I had an after-work visit to my therapist yesterday. She soothes my furrowed brow and washes away the cares of a complicated life but sometimes I come away thinking ‘what was she trying to tell me?’ Not this time though; I left with the clear and resounding message ‘you’re not very good at this; are you?’
I parked by the bridge on the A38 and, as I always do, peeped over the parapet to see what’s happening below. Immediately I saw two large dark shapes streaking off down-stream – Bugger! We’ve had a little rain over the past few days so I was expecting at least a tinge of colour, but the water was low and gin clear. I scanned the river bed and my eyes came to rest where the side stream joins the main river by the northern tunnel – a shoal of Grayling. 30, possibly 40 small ladies of about 8 to 10 inches moving as one body but constantly changing their position in the shoal. Wonderful.
Sometimes these after-work excursions have an element of pressure about them as I’m stealing time between work and home commitments but this time I had nowhere to be, no-one to see, so I could afford to take my time. Nothing hatching and no sign of fish moving so I went exploring the deeper channels with a pair of nymphs.
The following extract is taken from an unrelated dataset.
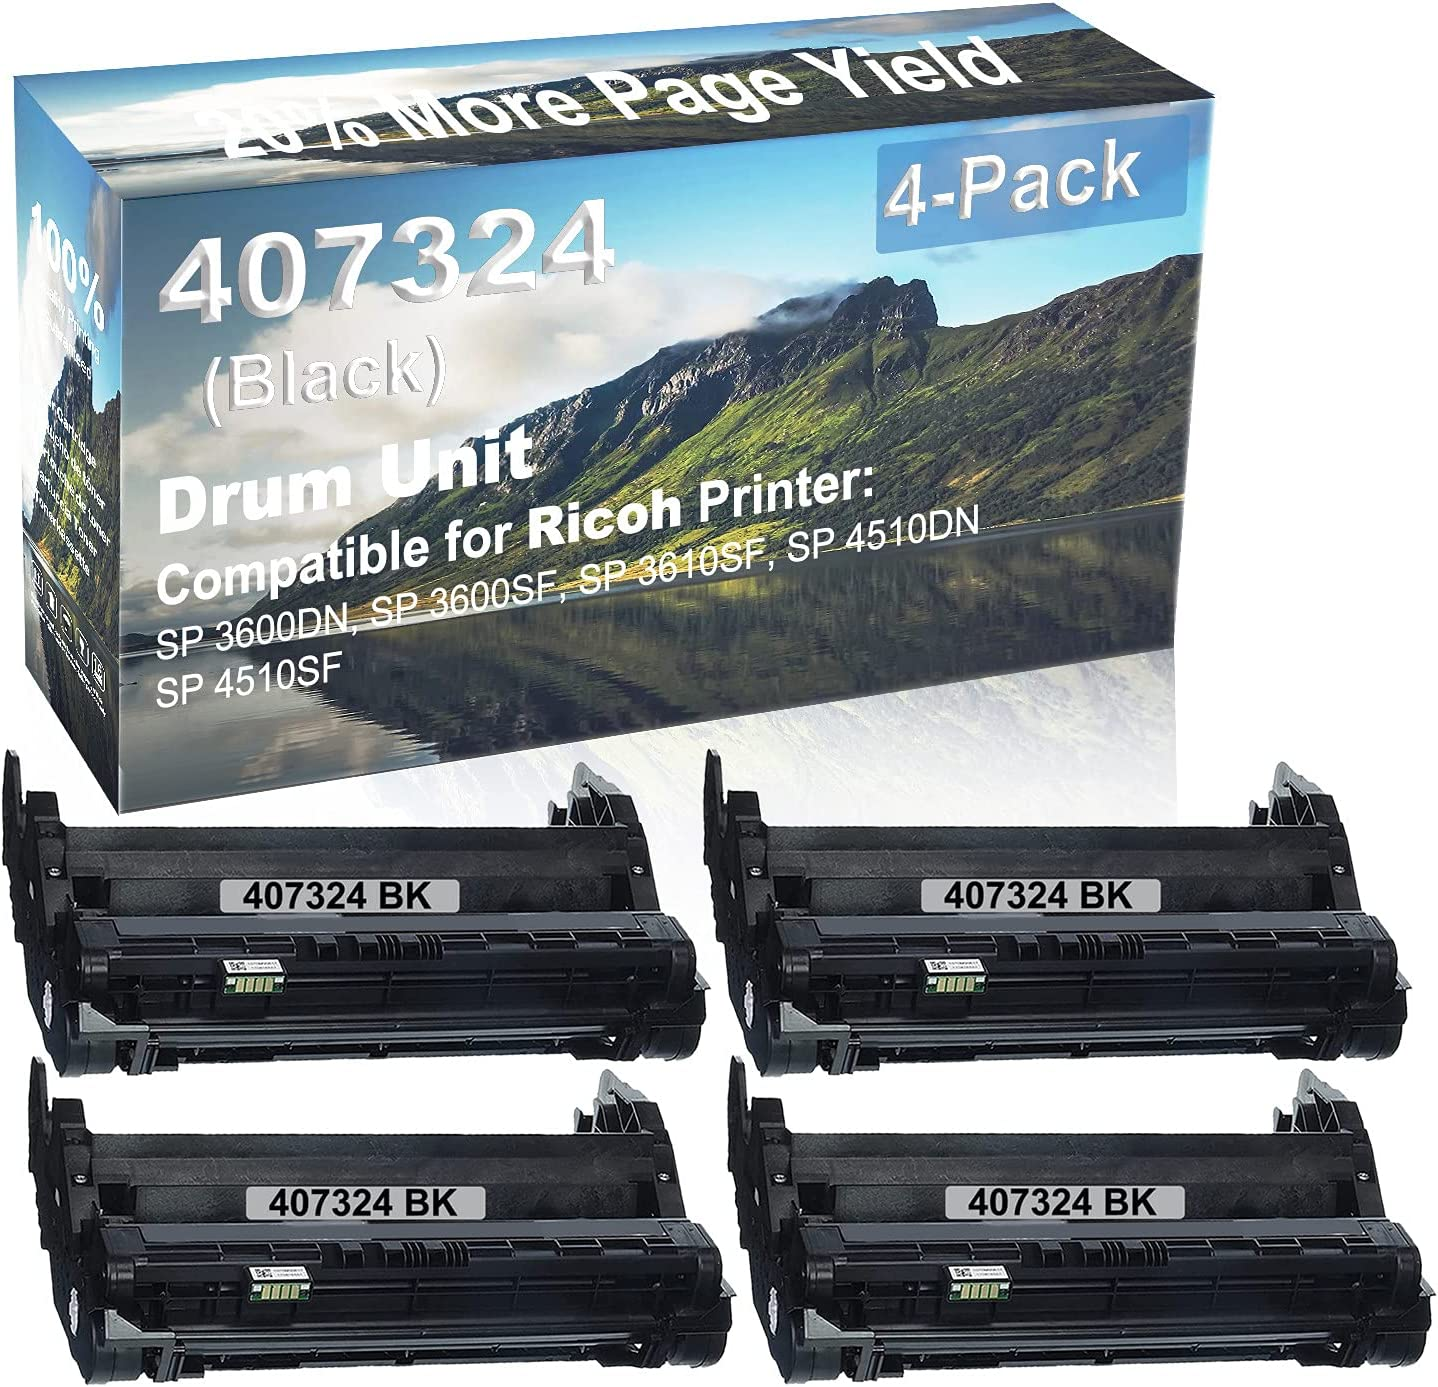 4-Pack Compatible Drum Unit (Black) Replacement for Ricoh 407324 Drum Kit use for Ricoh SP 3600DN, SP 3600SF, SP 3610SF, SP 4510DN, SP 4510SF Printer
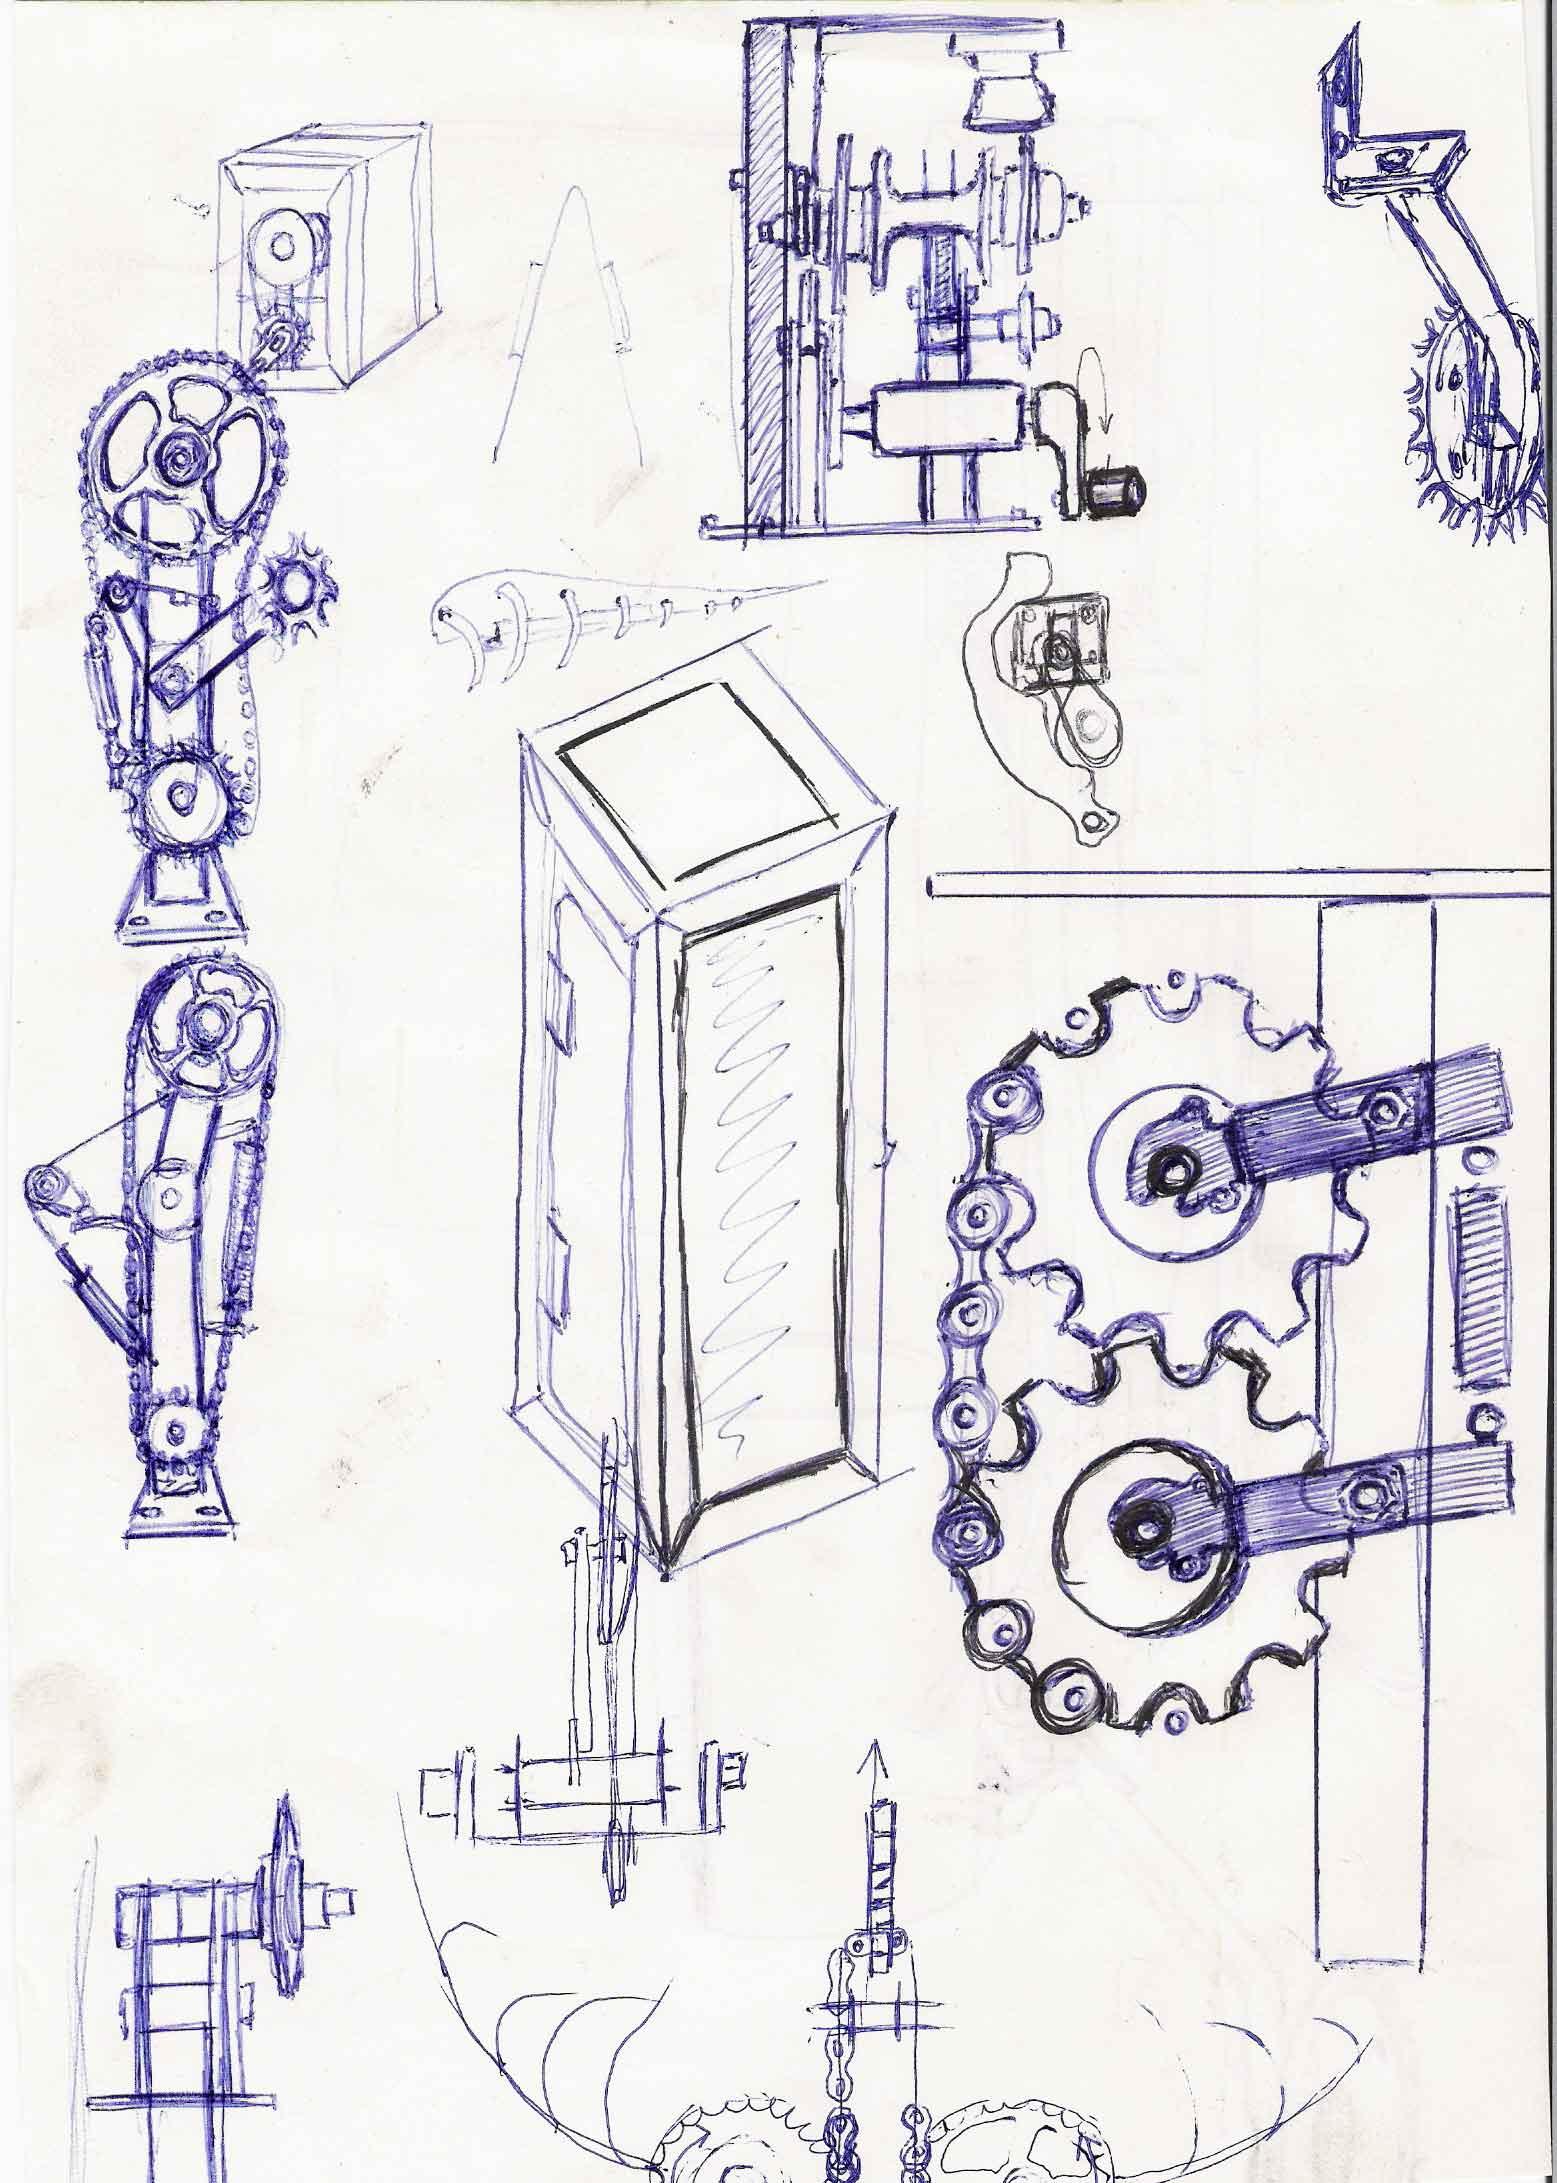 sketch-19-sept-05.jpg

All of the usual places proved fruitless but somehow I didn’t get frustrated and I moved up to the shallower section just below the tunnels where I made the decision not to fish blindly but to practice my fish spotting skills in the sandy, gravelly channels between the waving weeds.
I spent the best part of an hour searching for a sign; a flash, a shadow, an unusual movement – nothing. So I returned to the bridge to see if the Grayling were still in residence. Of course, they weren’t. I can only assume they had a prior engagement – either that or the local kids had been throwing stones at them again.
So what did I learn from my unsuccessful foray? I need more practice.